Entrepreneurs Chris and Nunu Rampen are among those who plan on charging customers a fee for using a credit card, albeit begrudgingly.
“I look favourably on this change because I think it will probably change consumer behaviour,” said Chris, who owns Buna, a downtown Toronto coffee shop, and Nunu, a restaurant, with his wife. “They will think of cheaper methods like either cash — a lot of restaurants just accept cash — or debit, which is much, much cheaper.”
He said interchange fees have long been a thorn in his side, but with the restaurant industry coming out of financial losses sustained during the COVID-19 pandemic, his business is less able than ever to withstand them.
“We’re really in a point of razor-thin margins, and two per cent could matter,” he said. “I don’t see another solution, frankly.”
Consumer choice
Consumers are likely to bristle at the fee, but based on what some of them told CBC News this week, it seems that Rampen’s hope of getting them to choose different payment options is likely to work.
Calgarian Irene Kreitz said a two per cent surcharge is likely enough to get her to take a different card out of her wallet.
“For an additional two per cent … no, I wouldn’t use my credit card, I would use my debit,” she said.
Samantha Cook, also of Calgary, is of a similar mindset. “The cost of living is already fairly high … so with that extra two per cent, I’m more inclined to use my debit card,” she said.
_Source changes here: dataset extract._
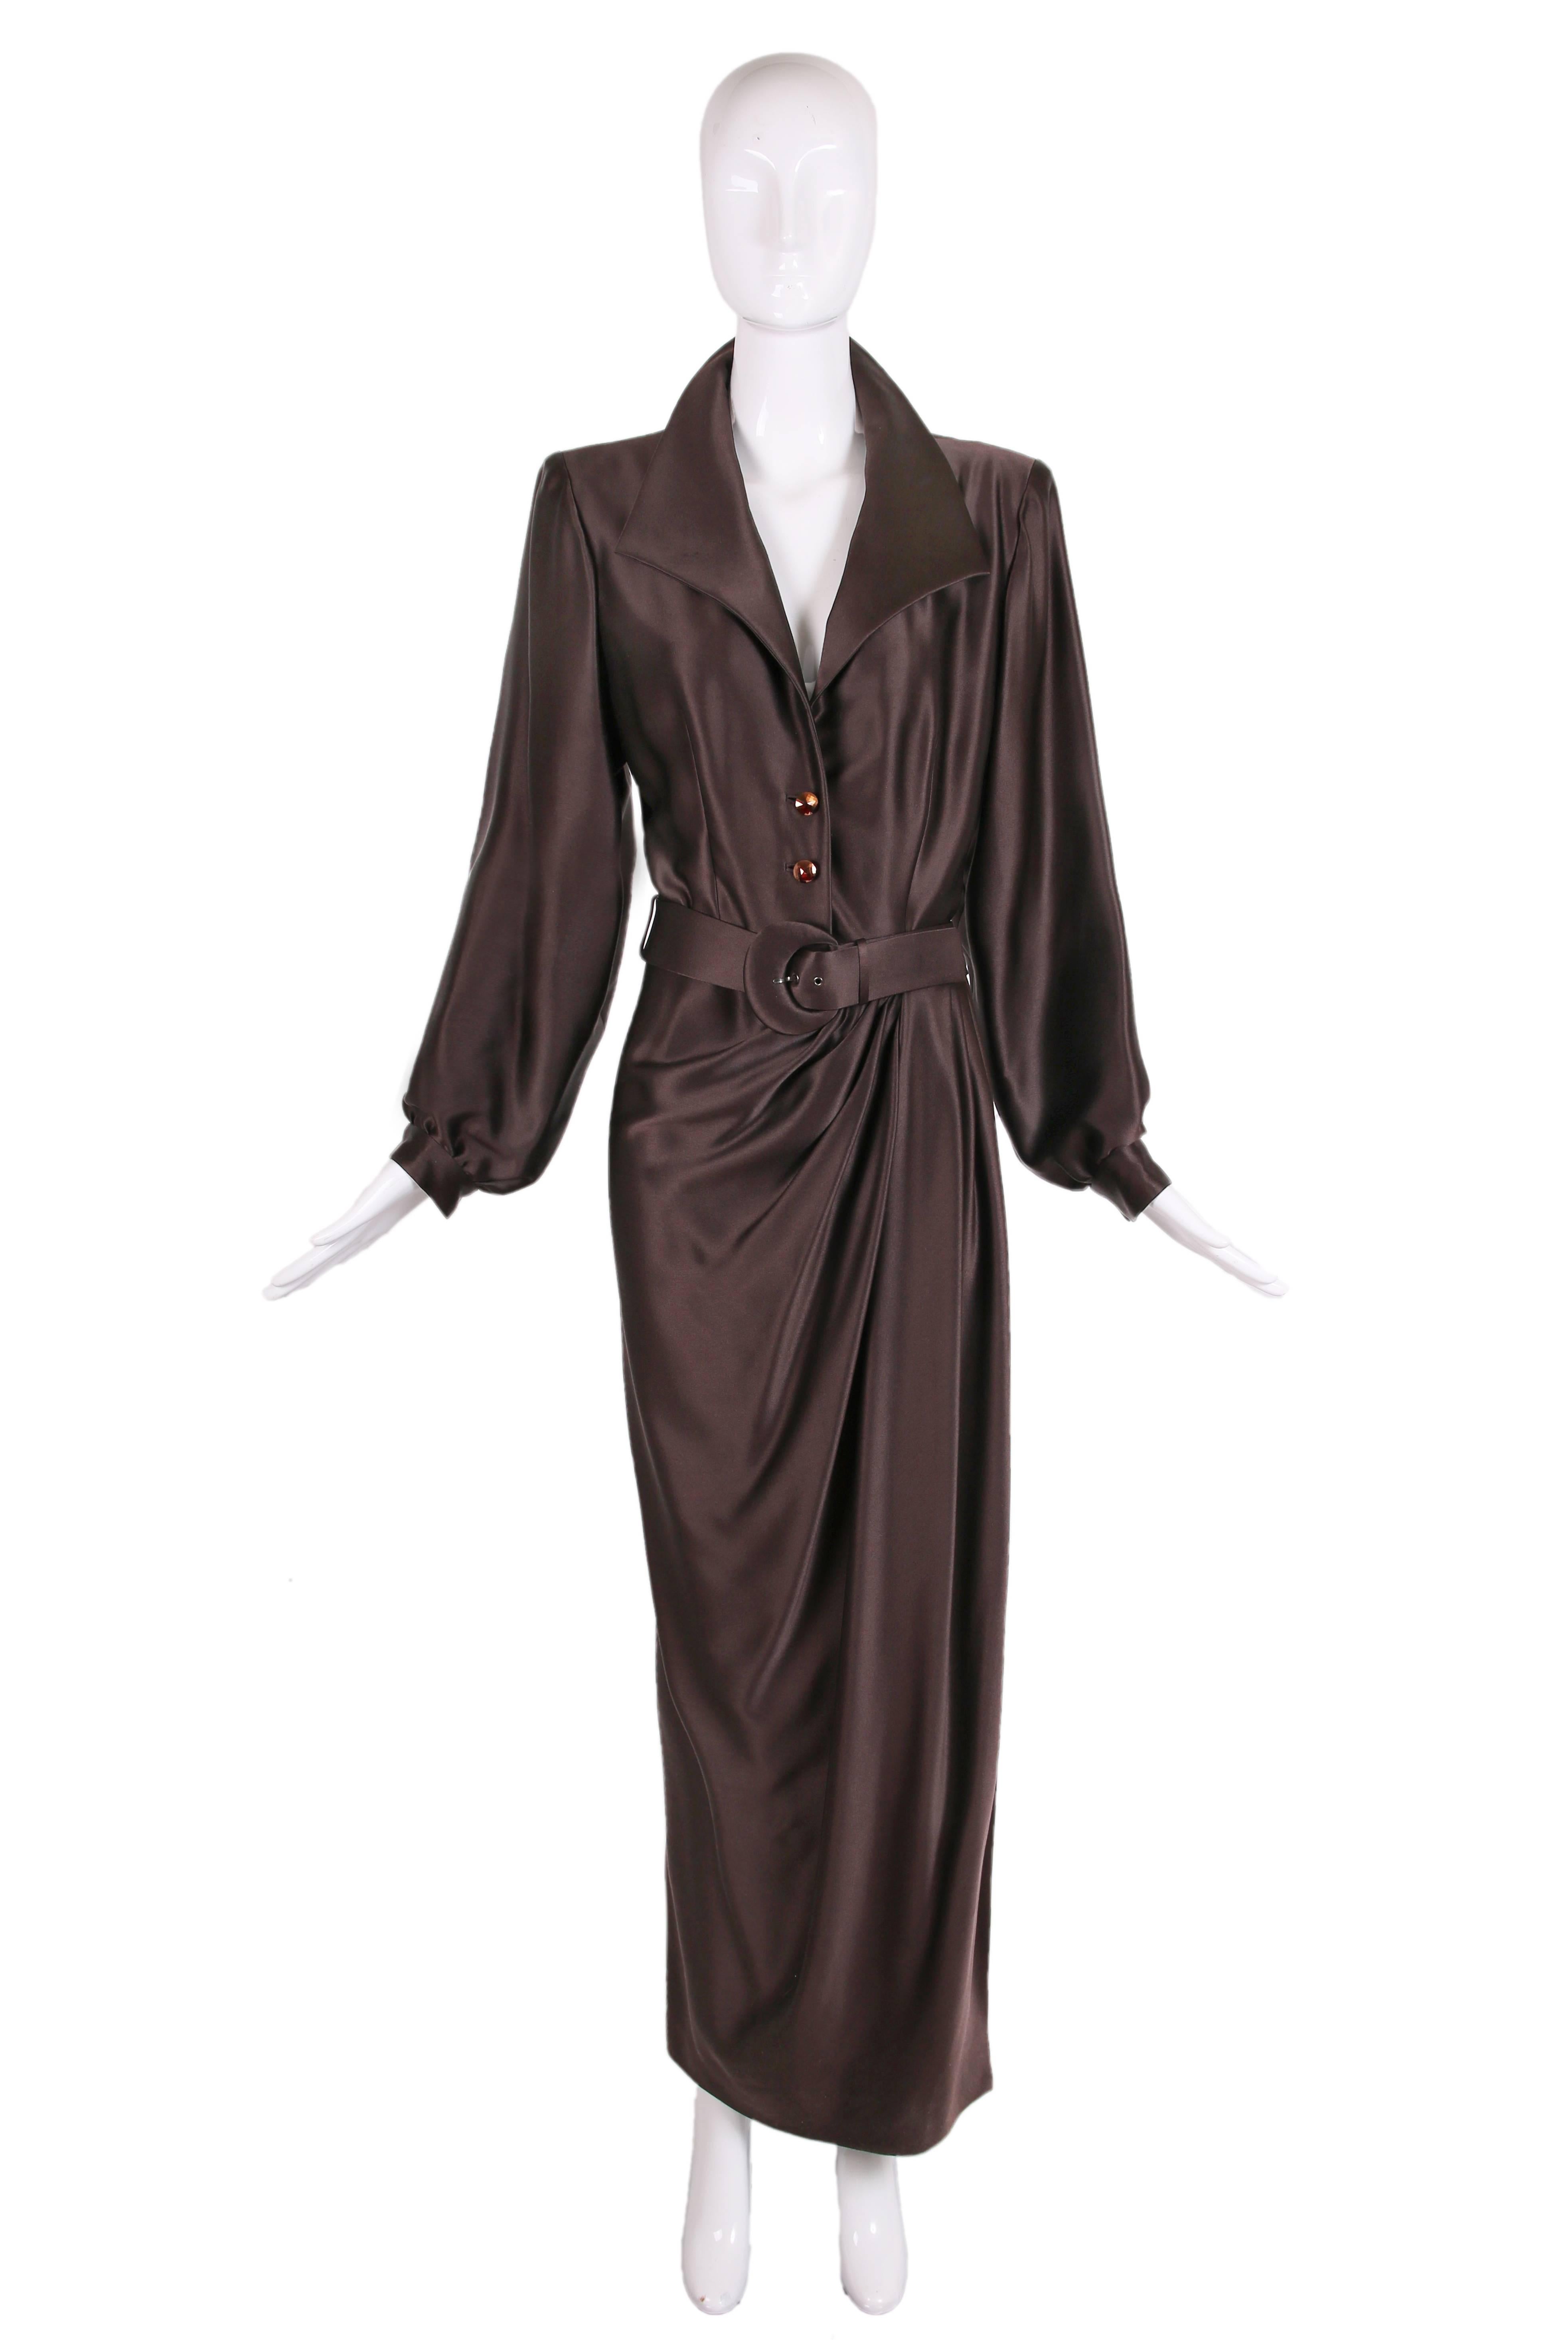 1989 Yves Saint Laurent haute couture brown silk collared evening gown with deep V-neck opening, faceted faux copper button closures at bodice and wrap skirt with gathers that drape diagonally across the skirt. Has shoulder pads which can be

For others, the lure of reward points will likely be enough to keep them using their cards even if a fee is attached. A Bank of Canada report last year found that Canadians racked up $3.4 billion worth of rewards from their credit cards in 2018, with higher-income earners benefiting the most because they are far more likely to use credit cards as payment.
Those rewards come at a steep cost for merchants — more than $11 billion in 2018, the central bank found — but many consumers will be unlikely to give up those perks.
“I rarely pay for travel because of the points,” Calgary resident Lyndsay Powell said. “Every single thing I buy, I don’t even have a debit card that I carry with me [because] I would take … travel points for everything.”
For Chris Rampen, it’s unreasonable for shoppers to get a free ride at the expense of hard-hit small business owners.
“What’s unreasonable is that I’m paying the fees,” he said. “So yeah, I’m very happy that it would be transferred to the people actually making the choice — and they do have a choice.”